__Work to complete__
Drop the images; return everything else in the listing below exactly.

__Material to process__
● ● ●

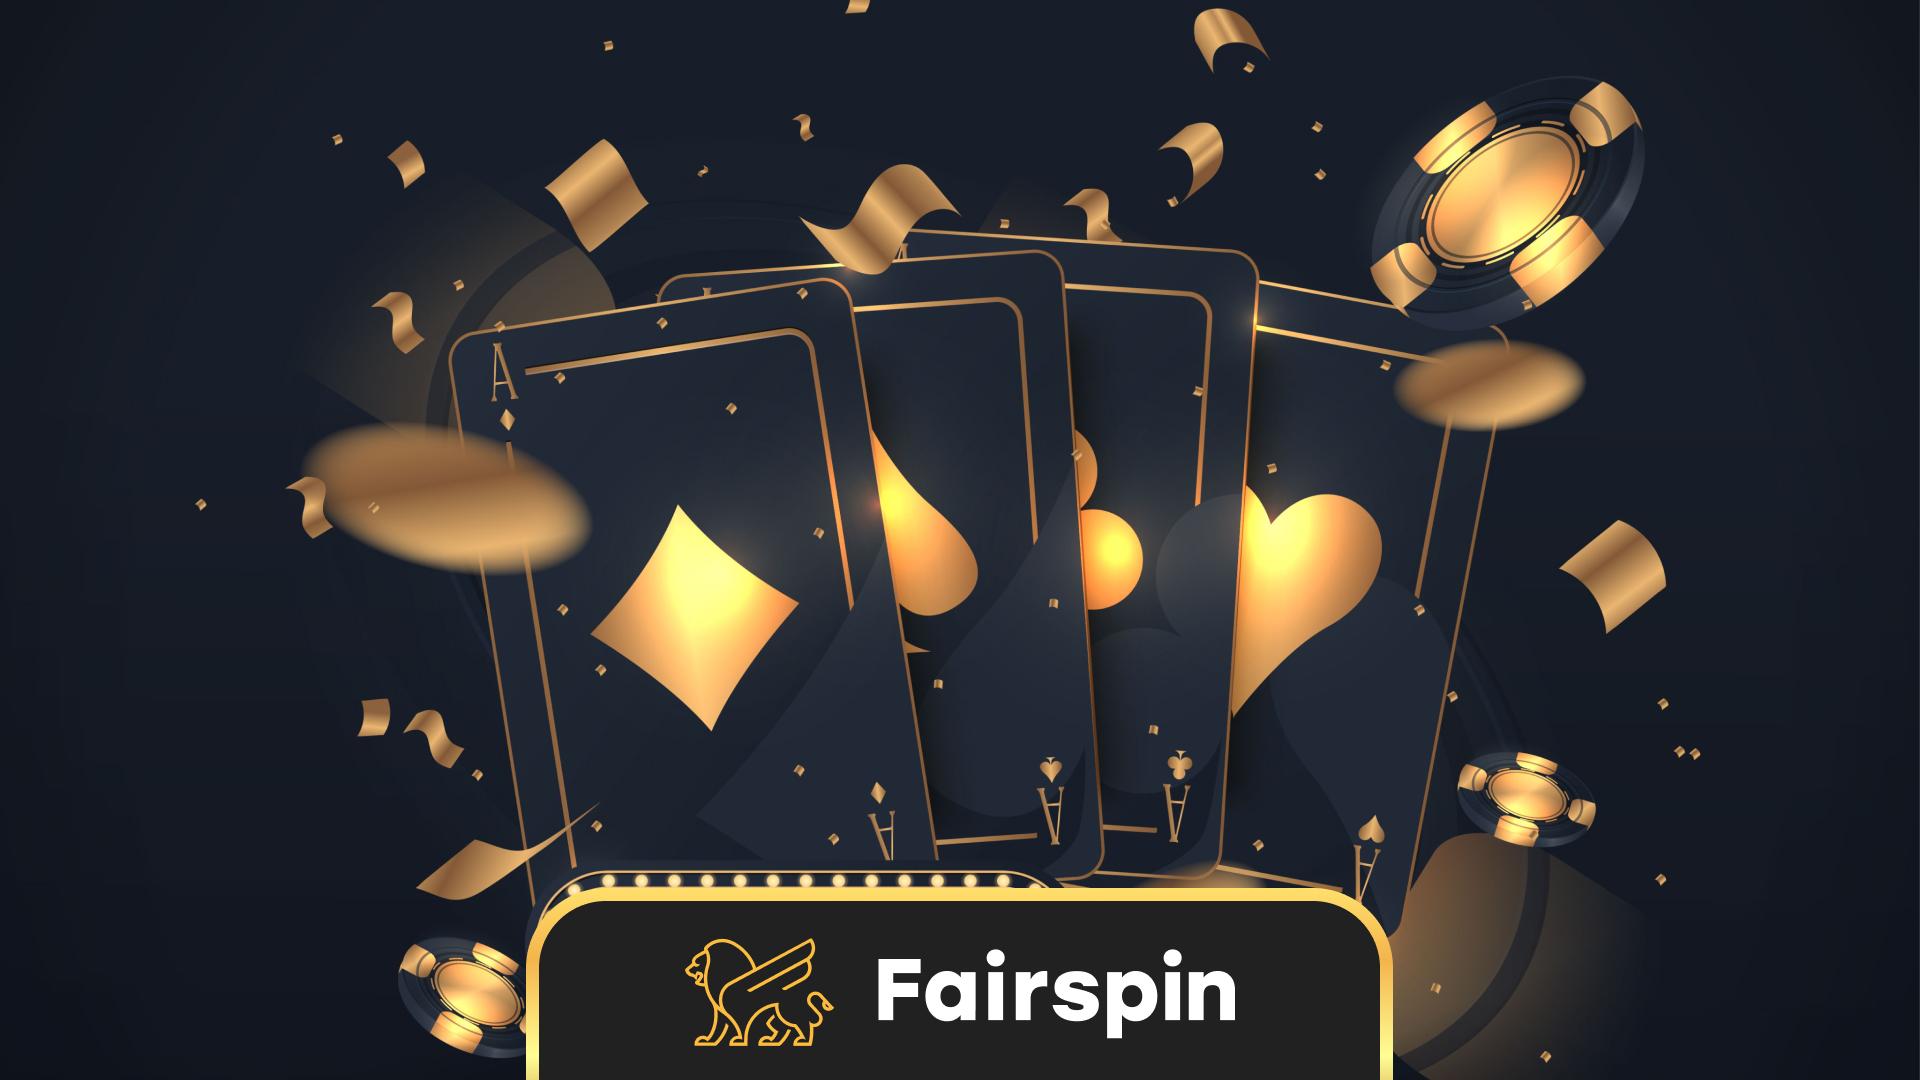 fairspin blockchain gaming
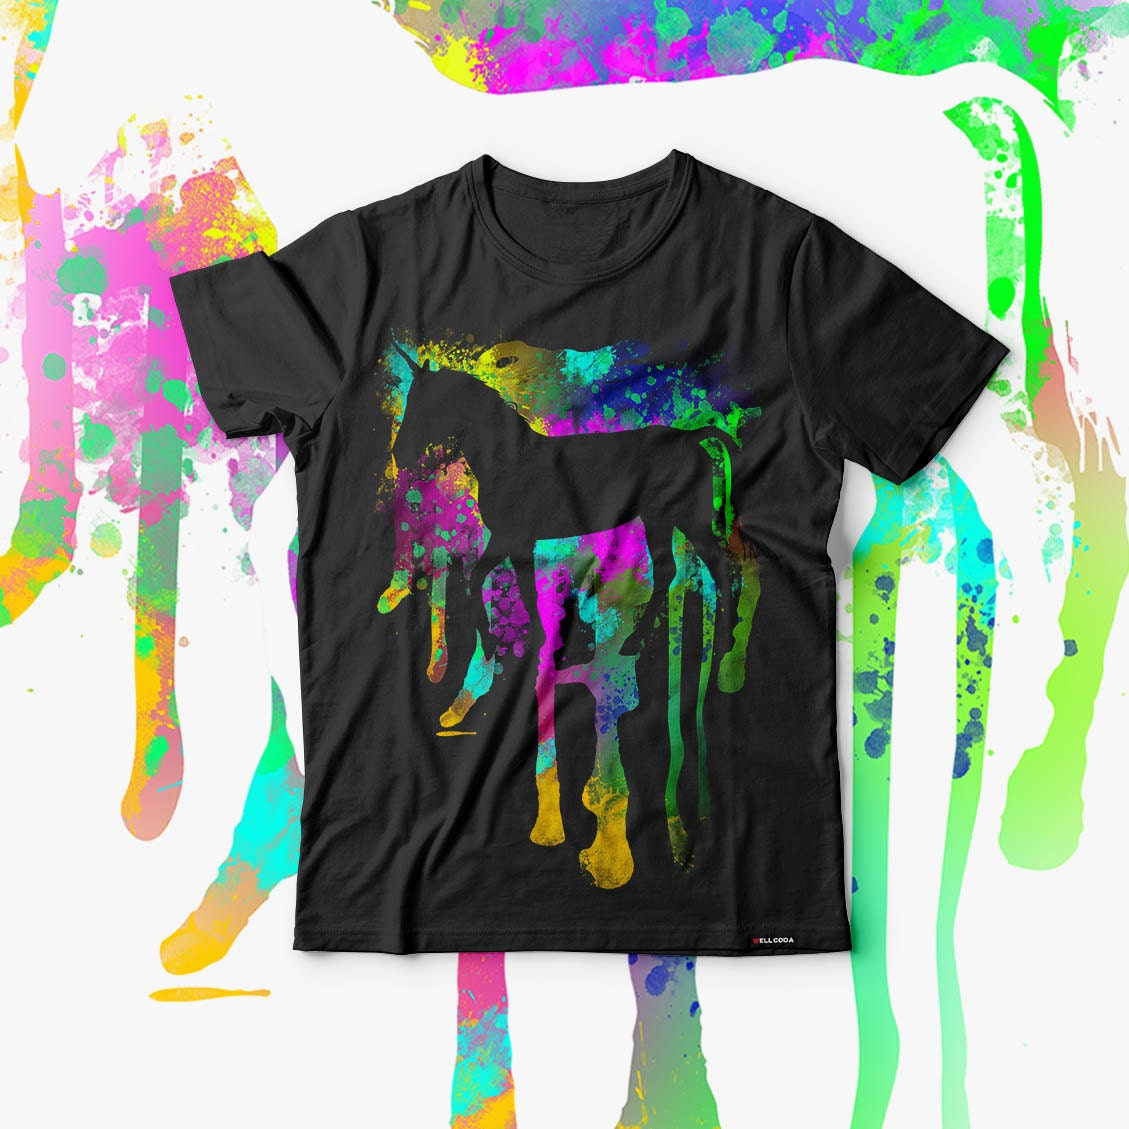 Unicorn Fantasy Art Myth Animal Men Black Tshirt S5XL NEW  Wellcoda
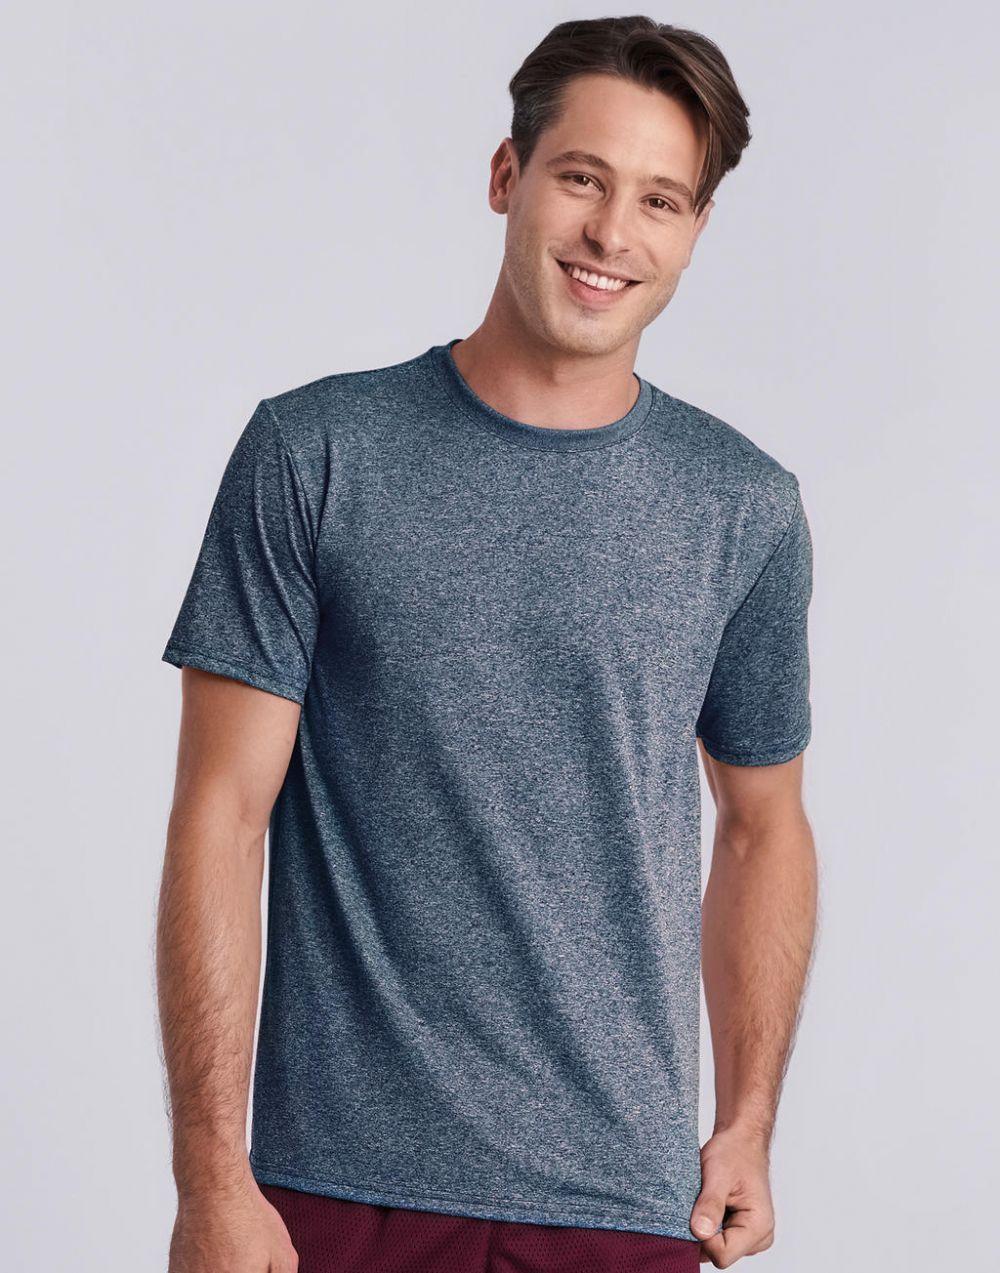 Camisetas técnicas gildan performance core hombre para personalizar vista 1
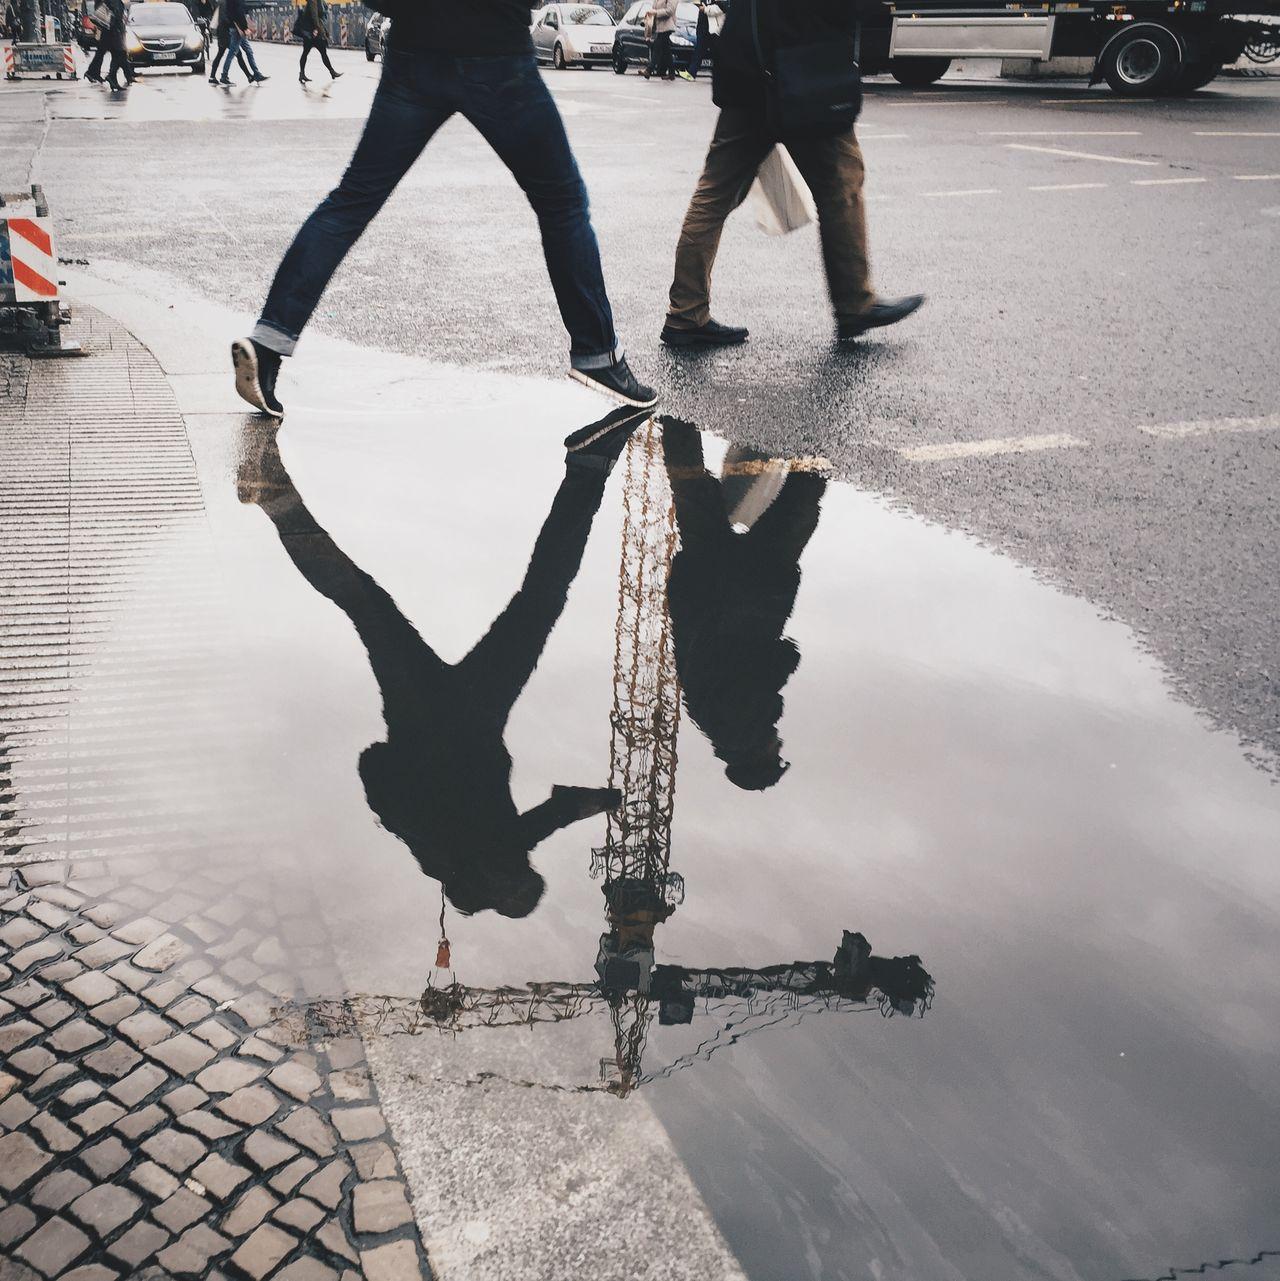 Henri Cartier Bresson meets Berlin street life Berlin City Life Day Go To Work Human Foot Leisure Activity Lifestyles Low Section Men Mirror Morning Outdoors Person Rain Road Shoe Sidewalk Standing Street Streetphotography Urban Walking Wet Wetter Work
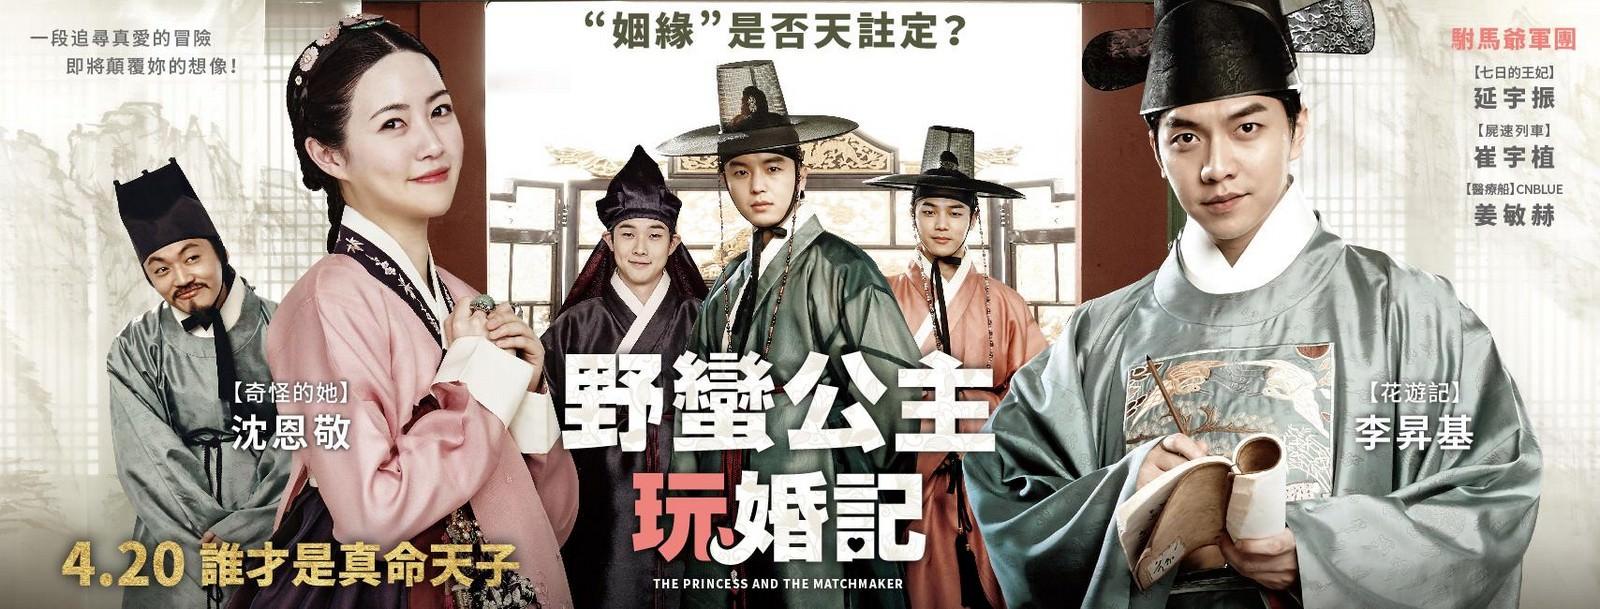 Movie, 궁합(韓國) / 野蠻公主玩婚記(台) / Marital Harmony(英文) / 宫合(網), 電影海報, 台灣, 橫板

● ● ●

__Response__
 fairspin blockchain gaming
 Unicorn Fantasy Art Myth Animal Men Black Tshirt S5XL NEW  Wellcoda
 Camisetas técnicas gildan performance core hombre para personalizar vista 1
 Henri Cartier Bresson meets Berlin street life Berlin City Life Day Go To Work Human Foot Leisure Activity Lifestyles Low Section Men Mirror Morning Outdoors Person Rain Road Shoe Sidewalk Standing Street Streetphotography Urban Walking Wet Wetter Work
 Movie, 궁합(韓國) / 野蠻公主玩婚記(台) / Marital Harmony(英文) / 宫合(網), 電影海報, 台灣, 橫板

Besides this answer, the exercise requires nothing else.